When webscraping, I'm getting: {{price}}
. The webbrowser shows the price S/1800.00 (some number), looking the source code is where you see the {{price}}
.
This happens for precio.tarjeta
, I get all the other variables correctly.
Code:
library(rvest)
library(purrr)
library(tidyverse)
urls <- list("https://www.oechsle.pe/tecnologia/televisores/?&optionOrderBy=OrderByScoreDESC&optionOrderBy=OrderByScoreDESC&O=OrderByScoreDESC&optionOrderBy=OrderByScoreDESC&page=1",
"https://www.oechsle.pe/tecnologia/televisores/?&optionOrderBy=OrderByScoreDESC&optionOrderBy=OrderByScoreDESC&O=OrderByScoreDESC&optionOrderBy=OrderByScoreDESC&page=2")

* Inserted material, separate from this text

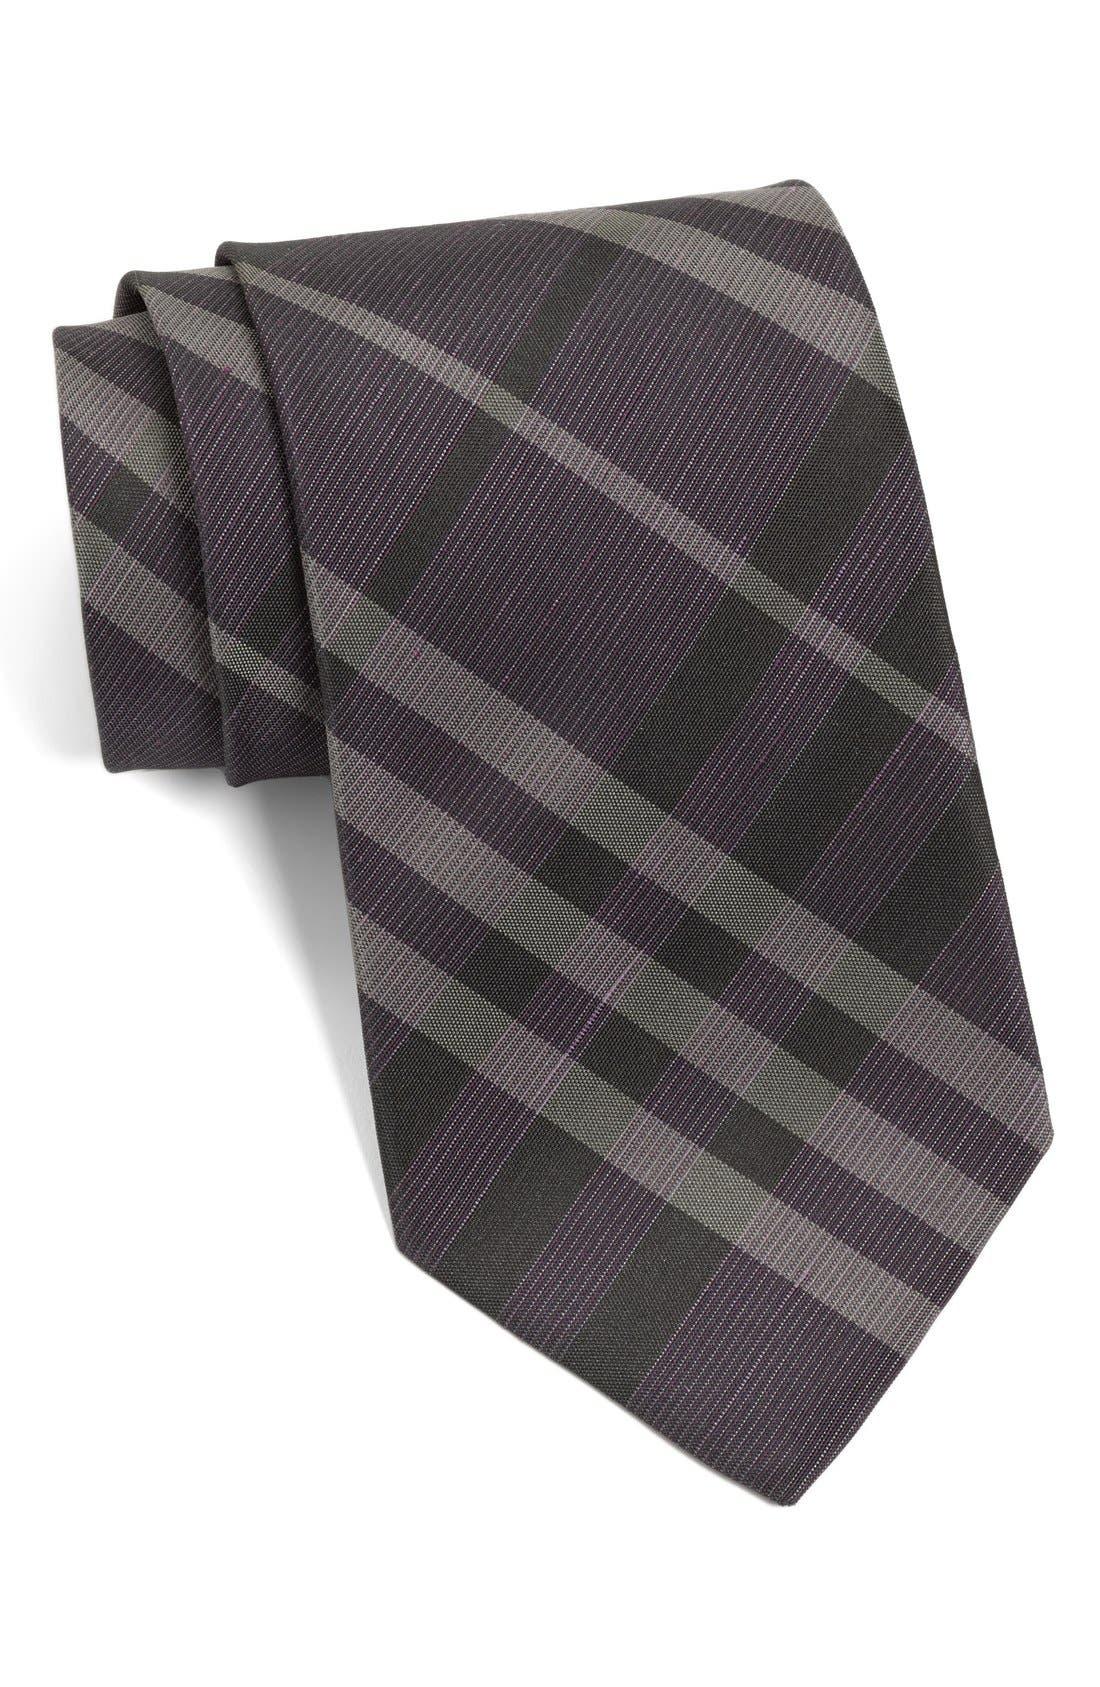 Alternate Image 1 Selected - Burberry London 'Regent' Woven Silk & Linen Tie

h <- urls %>% map(read_html) # scrape once, parse as necessary
df <- map_dfr(h %>%
map(~ .x %>%
html_nodes("div.product")), ~
data.frame(
periodo = lubridate::year(Sys.Date()),
fecha = Sys.Date(),
ecommerce = "oeschle",
marca = .x %>% html_node(".brand") %>% html_text(),
producto = .x %>% html_node(".prod-name") %>% html_text(),
precio.antes = .x %>% html_node('.ListPrice') %>% html_text(),
precio.actual = .x %>% html_node('.BestPrice') %>% html_text(),
precio.tarjeta = .x %>% html_node('.tOhPrice') %>% html_text()
))
Update 1:
I'm noticing the products repeat themselves, i.e. there is a duplication of products, even when they are page 1 and page 2 with different products in browser.
Why?